→ **THE PROBLEM**
Repeat the listing verbatim. Drop any pictures.

[[ SOURCE MATERIAL, beginning ]]

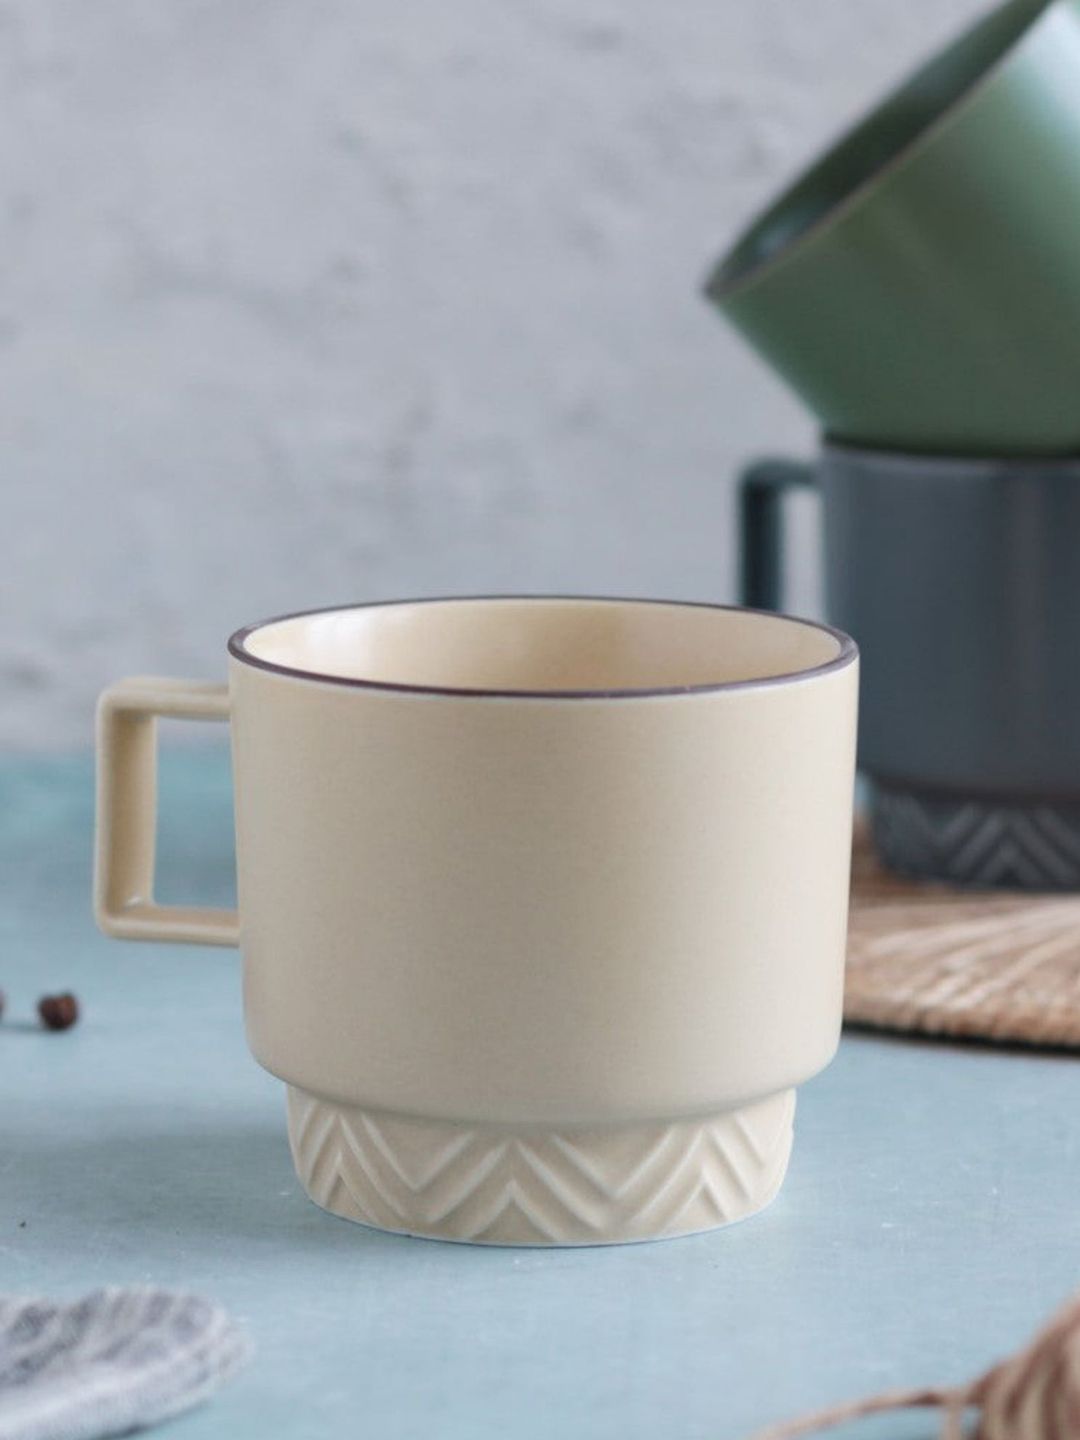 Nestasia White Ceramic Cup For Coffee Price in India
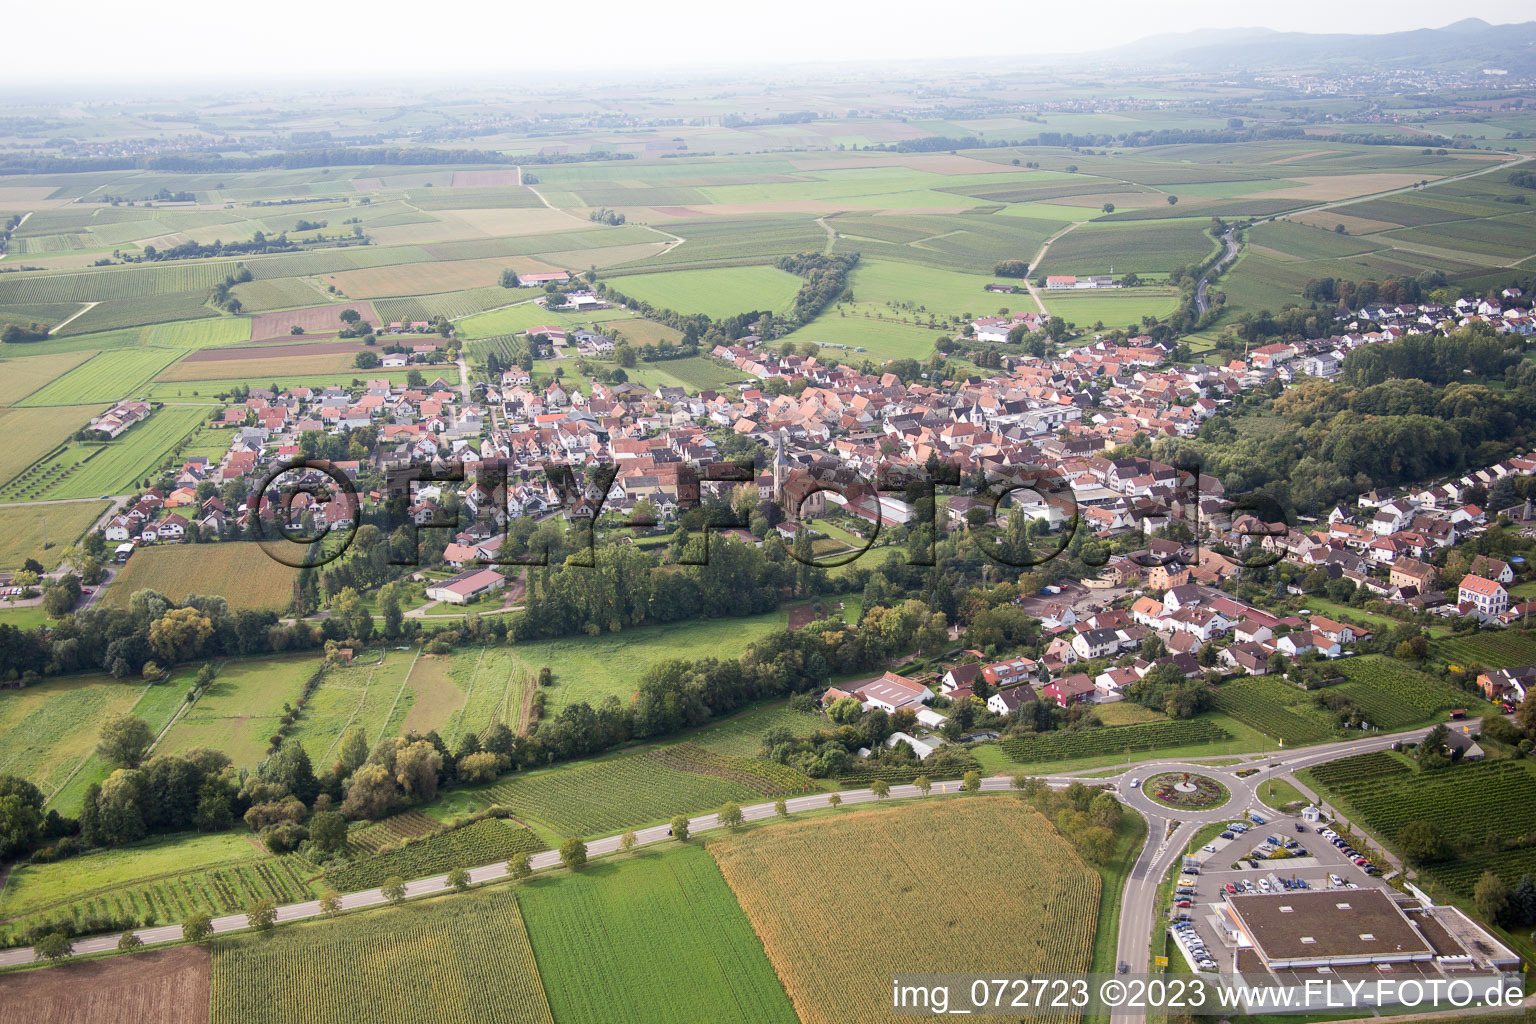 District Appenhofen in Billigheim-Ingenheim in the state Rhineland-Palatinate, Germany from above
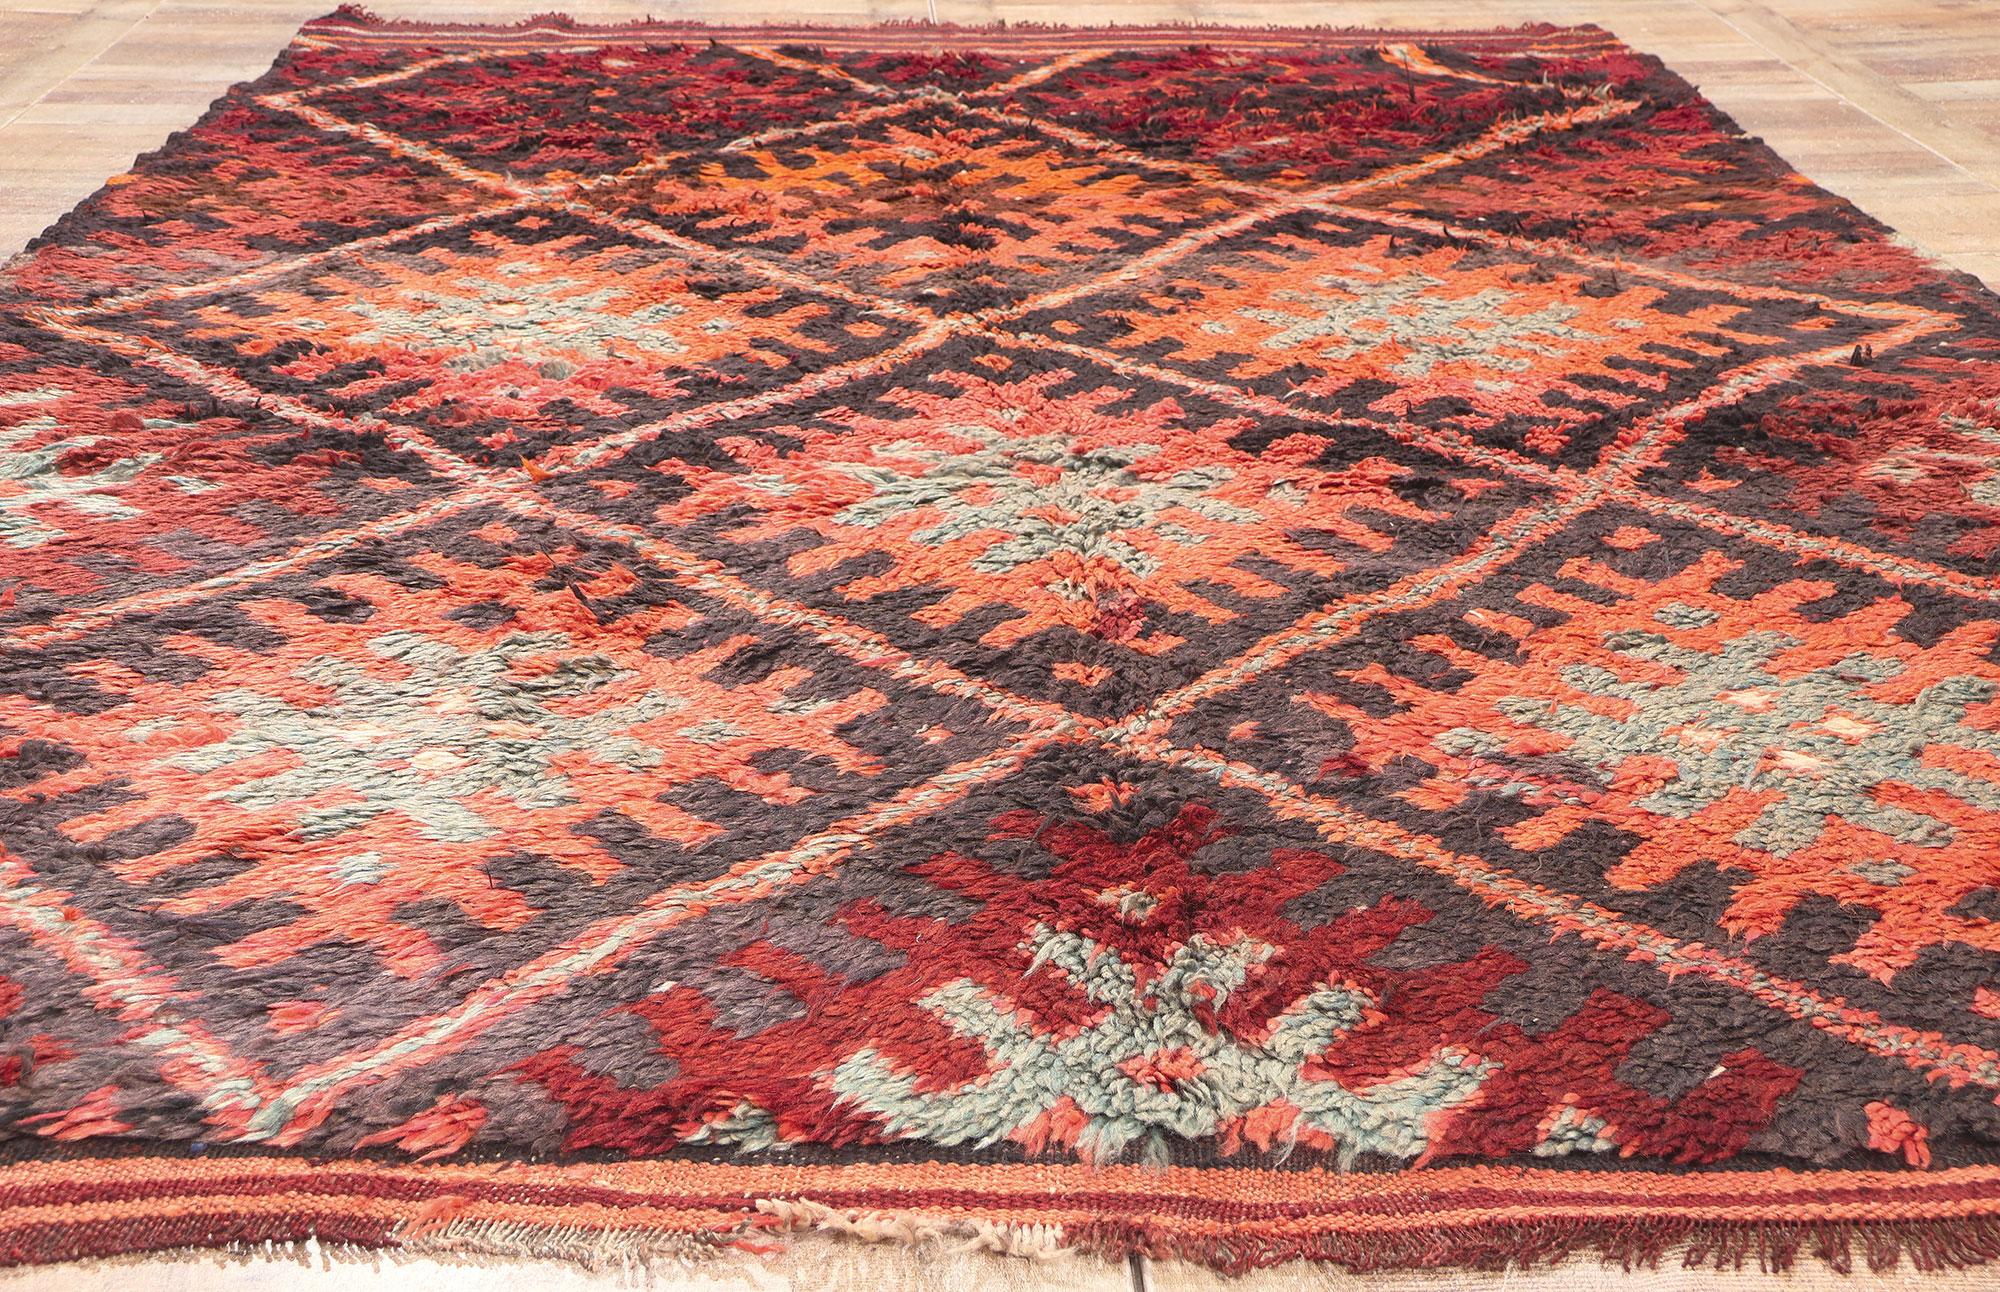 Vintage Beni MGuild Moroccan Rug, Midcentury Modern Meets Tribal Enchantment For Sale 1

[[ SOURCE MATERIAL, end ]]

→ **SOLUTION TO THE EXERCISE**
 Nestasia White Ceramic Cup For Coffee Price in India
 District Appenhofen in Billigheim-Ingenheim in the state Rhineland-Palatinate, Germany from above
 Vintage Beni MGuild Moroccan Rug, Midcentury Modern Meets Tribal Enchantment For Sale 1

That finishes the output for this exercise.